::: RECORDED INFORMATION

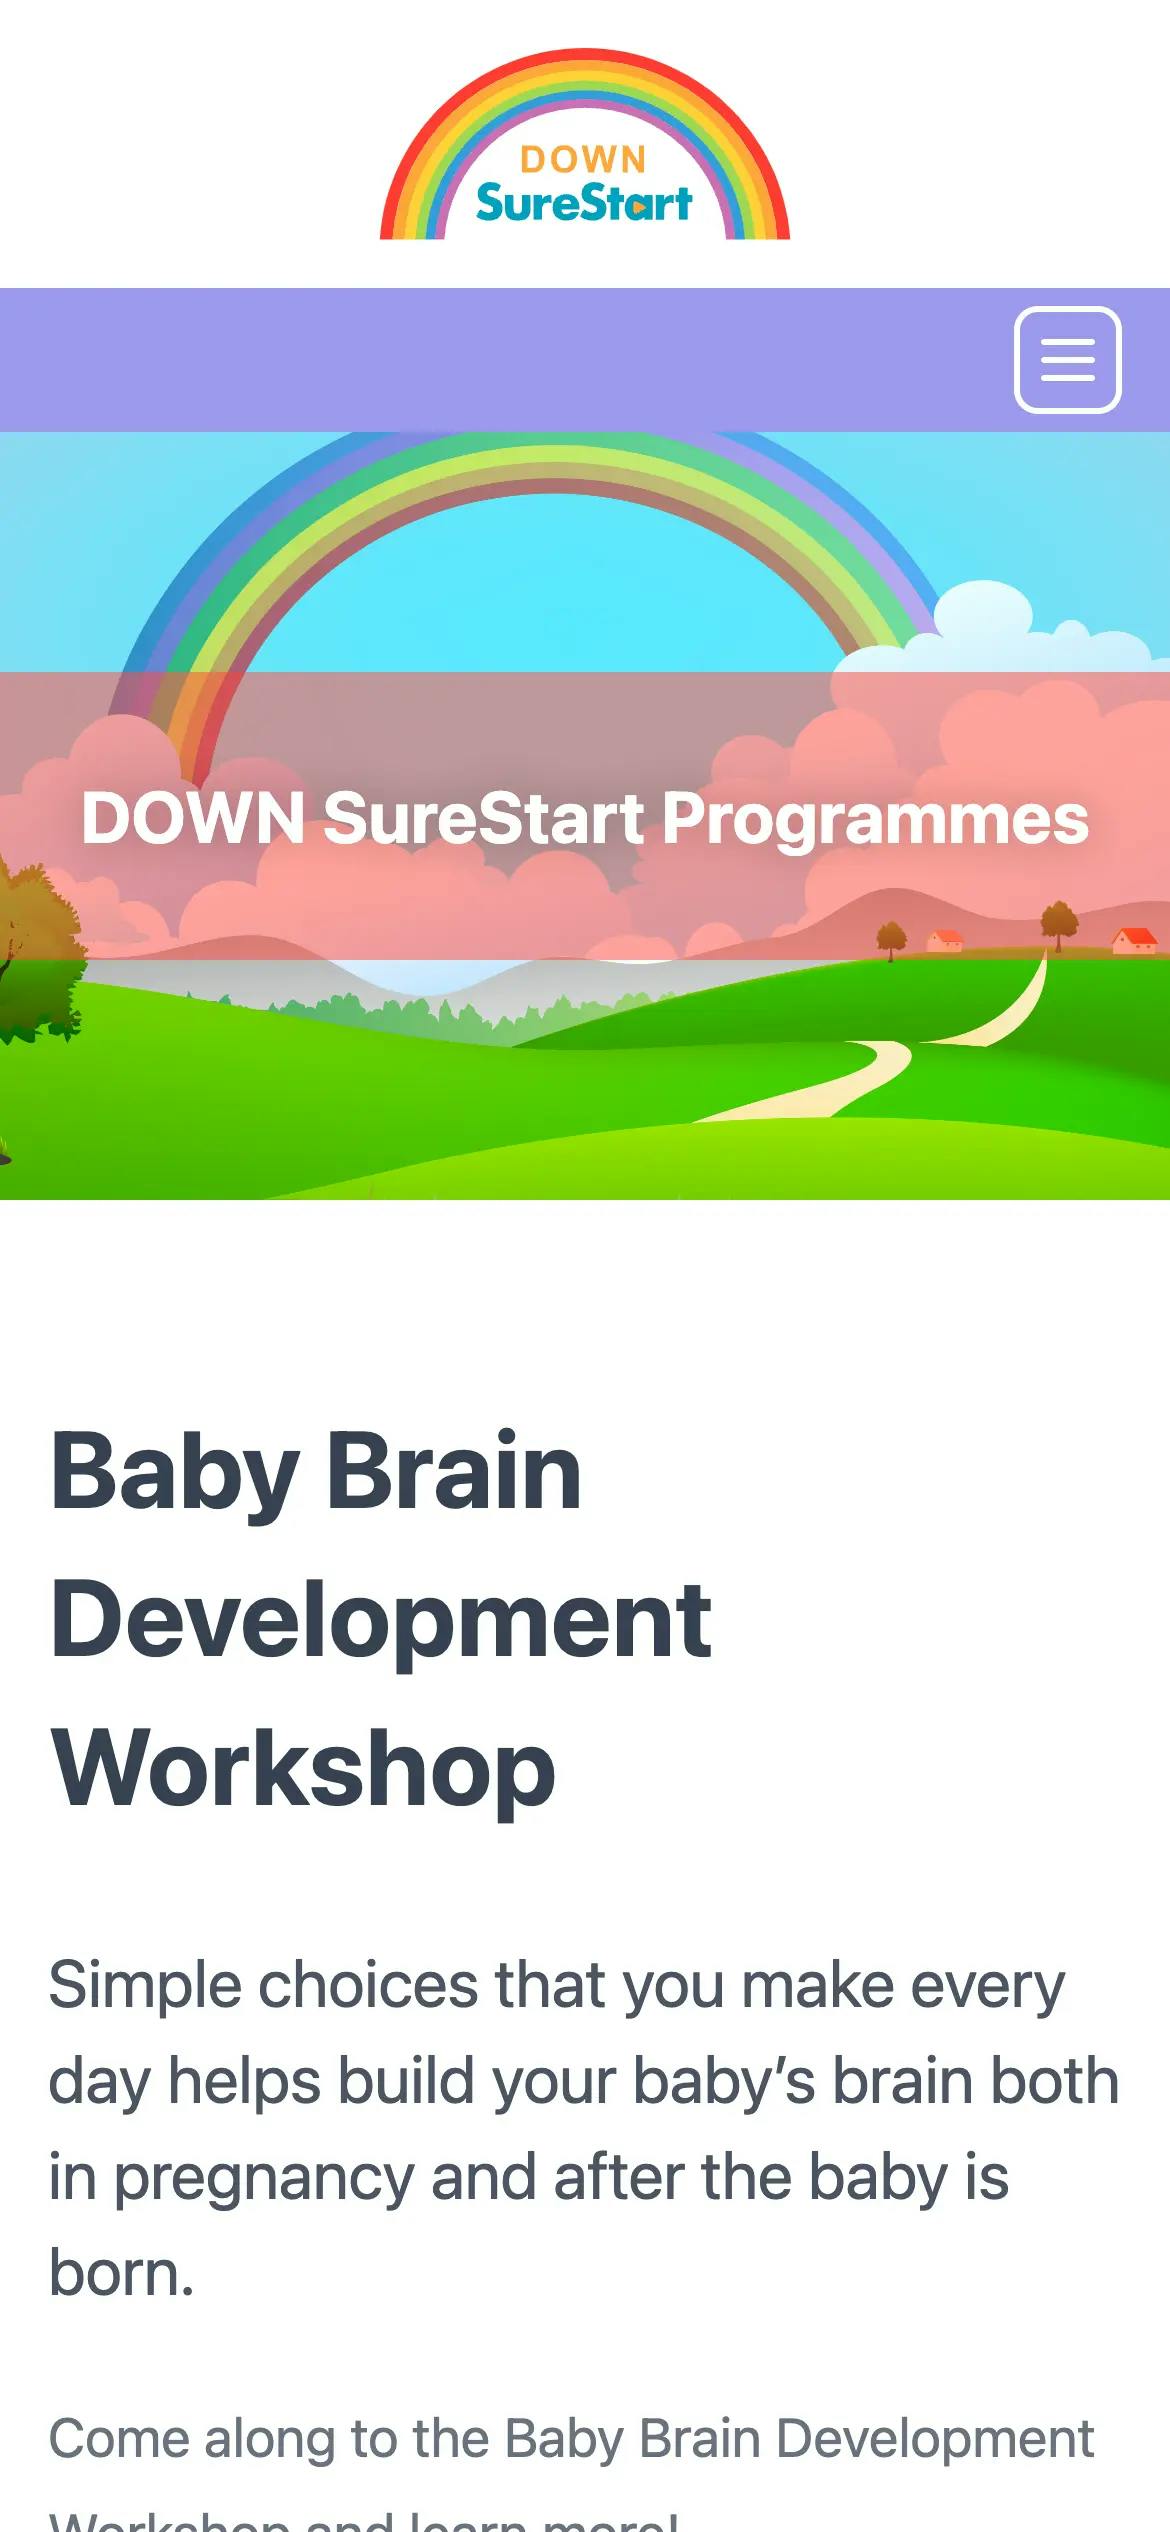 DOWN SureStart programmes page web design on mobile
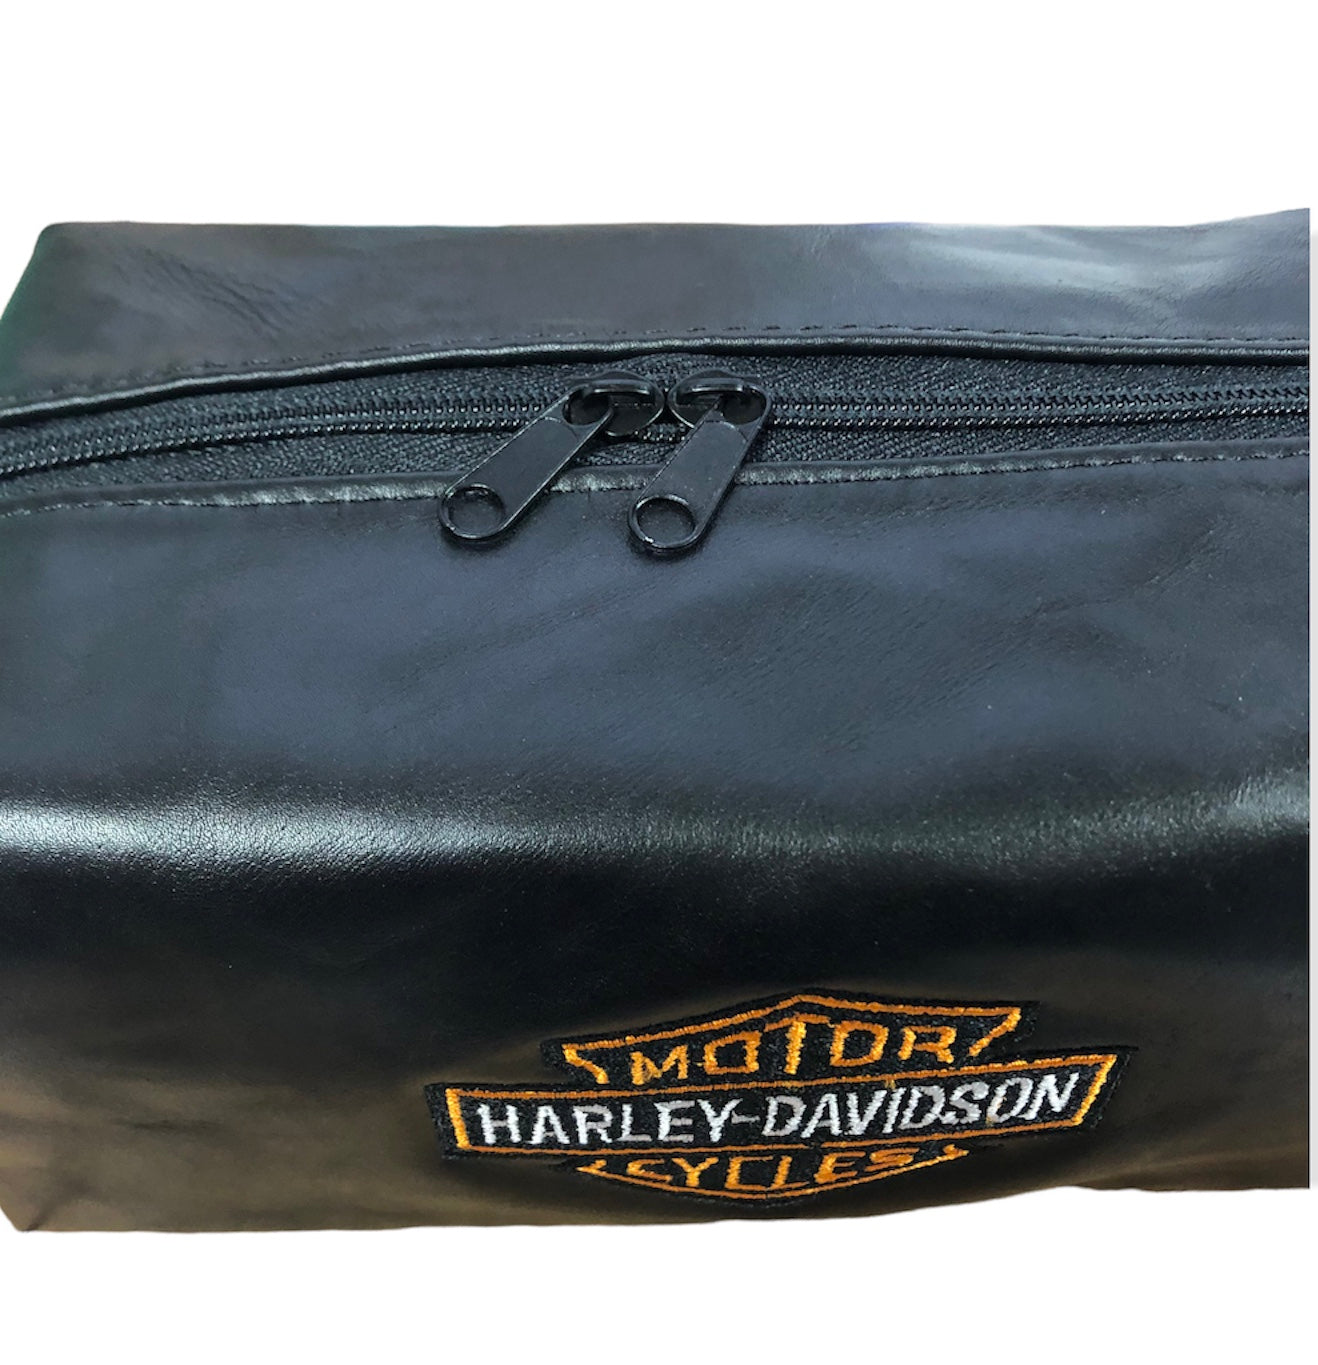 Garret Dopp Kit Bag- Custom Order
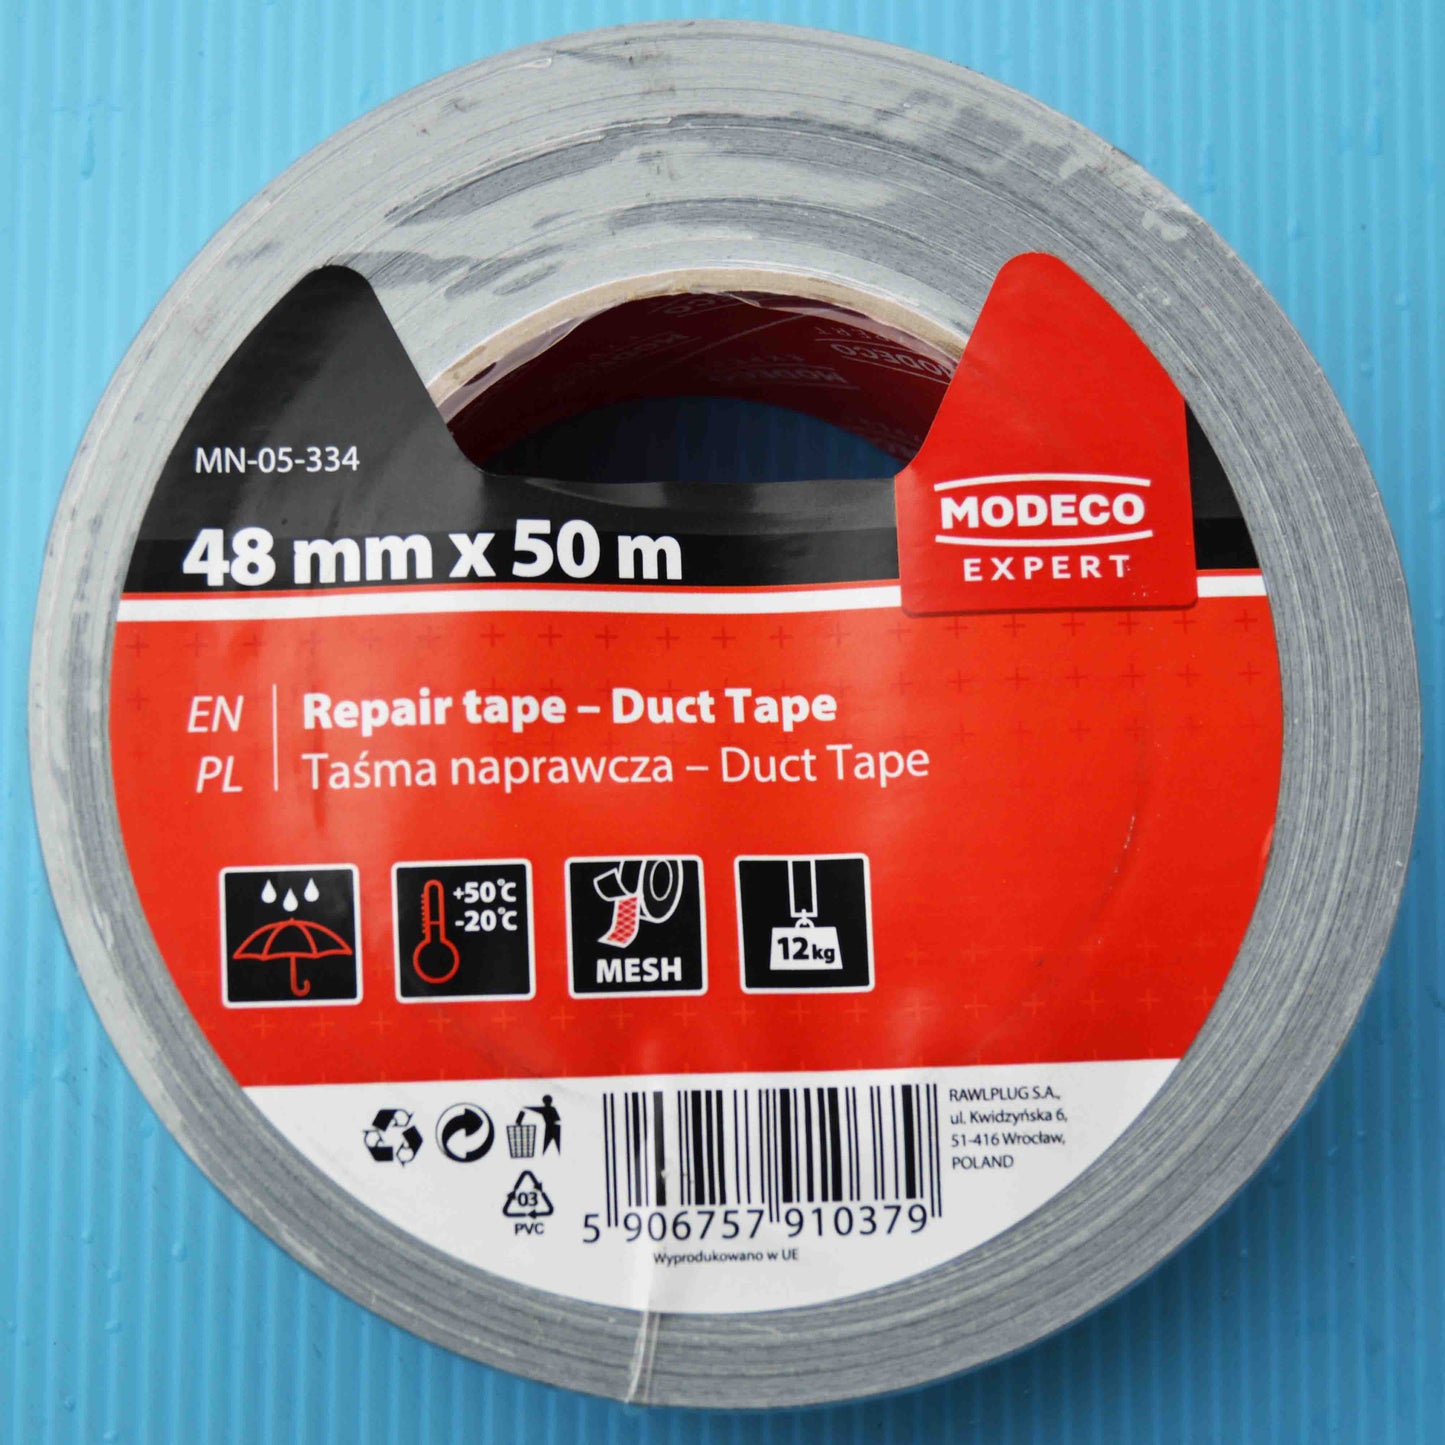 Heavy duty duct tape 48mm x 50m
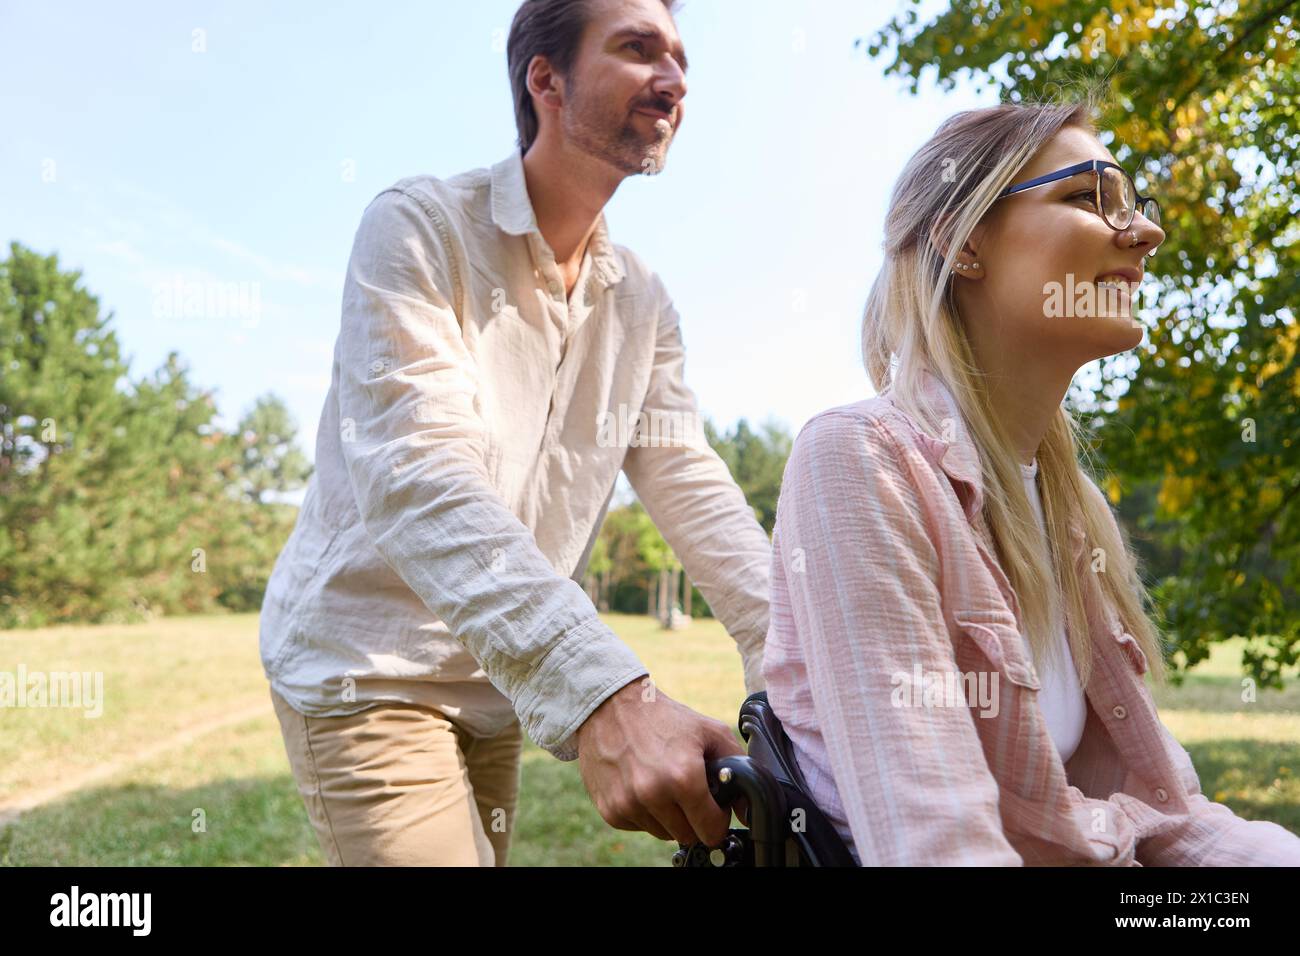 Ein Moment der Einbeziehung im Freien mit einer freudigen Frau im Rollstuhl, die von einem Mann in einer ruhigen Parklandschaft unterstützt wird. Stockfoto

::::::

Make an exact reproduction of the listing above, without any pictures.

 DOWN SureStart programmes page web design on mobile
 Garret Dopp Kit Bag- Custom Order
 Heavy duty duct tape 48mm x 50m
 Ein Moment der Einbeziehung im Freien mit einer freudigen Frau im Rollstuhl, die von einem Mann in einer ruhigen Parklandschaft unterstützt wird. Stockfoto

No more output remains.